A primavera chuvosa e a proximidade do verão aumentam o risco de proliferação do Aedes aegypti, mosquito transmissor da dengue e da chikungunya. Por isso, a Secretaria de Saúde de Santos intensificou as ações preventivas. Na quarta-feira (5), o Centro de Controle de Zoonoses e Vetores (CCZV) realizou o 37º Mutirão de Combate ao Aedes aegypti, no bairro Marapé, com visitas a 1.470 imóveis.
Durante a ação, as equipes eliminaram 23 focos com larvas do inseto. Por ser um bairro extenso, o mutirão será dividido em duas etapas. A segunda fase ocorrerá na próxima quarta-feira (12), abrangendo novas áreas do Marapé.
A chefe de atividades técnicas do CCZV, Ana Paula Favoreto, destacou a importância do trabalho antes da elevação das temperaturas.

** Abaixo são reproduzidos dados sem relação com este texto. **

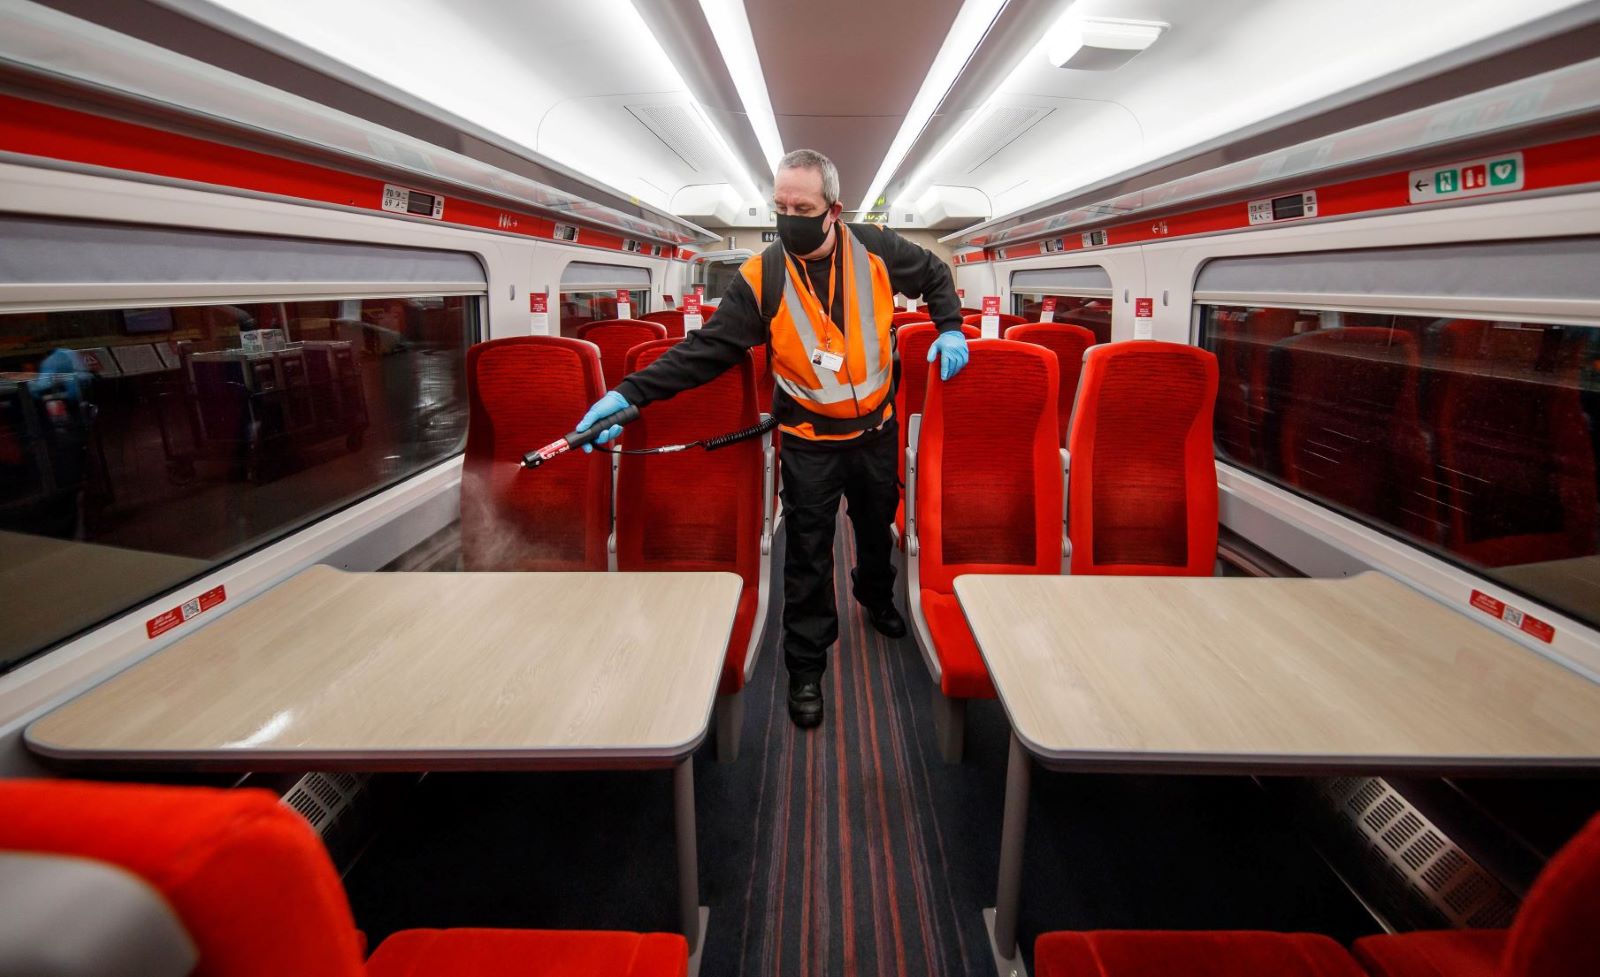 Cleaners Clock Up Half A Million Hours Working Day-And-Night To Ensure LNER Customers Can Travel With Confidence

“Os índices de mosquitos ainda estão baixos, mas o cenário muda rapidamente com o calor e a chuva. É o momento de reforçar os cuidados e eliminar qualquer ponto de água parada”, afirmou.
Nos bairros com casas e quintais amplos, o risco de criadouros aumenta. Objetos esquecidos, baldes e materiais acumulados podem armazenar água e atrair o mosquito.
Recusas preocupam agentes
Em 2025, o CCZV já registrou 2.427 recusas de entrada em imóveis durante as visitas. Os agentes não aplicam multas, mas atuam com foco na orientação e conscientização.
A moradora Vilma Nunes, aposentada, reforçou a importância da colaboração.
“Se existe criadouro em um imóvel, ele coloca toda a vizinhança em risco. A Prefeitura precisa ter acesso para agir”, disse.
Balanço das ações
Desde o início do ano, os mutirões eliminaram 1.782 focos com larvas e registraram 2.427 recusas. Mesmo com o trabalho constante, Santos soma 4.556 casos de dengue e 391 de chikungunya em 2025, além de cinco mortes confirmadas.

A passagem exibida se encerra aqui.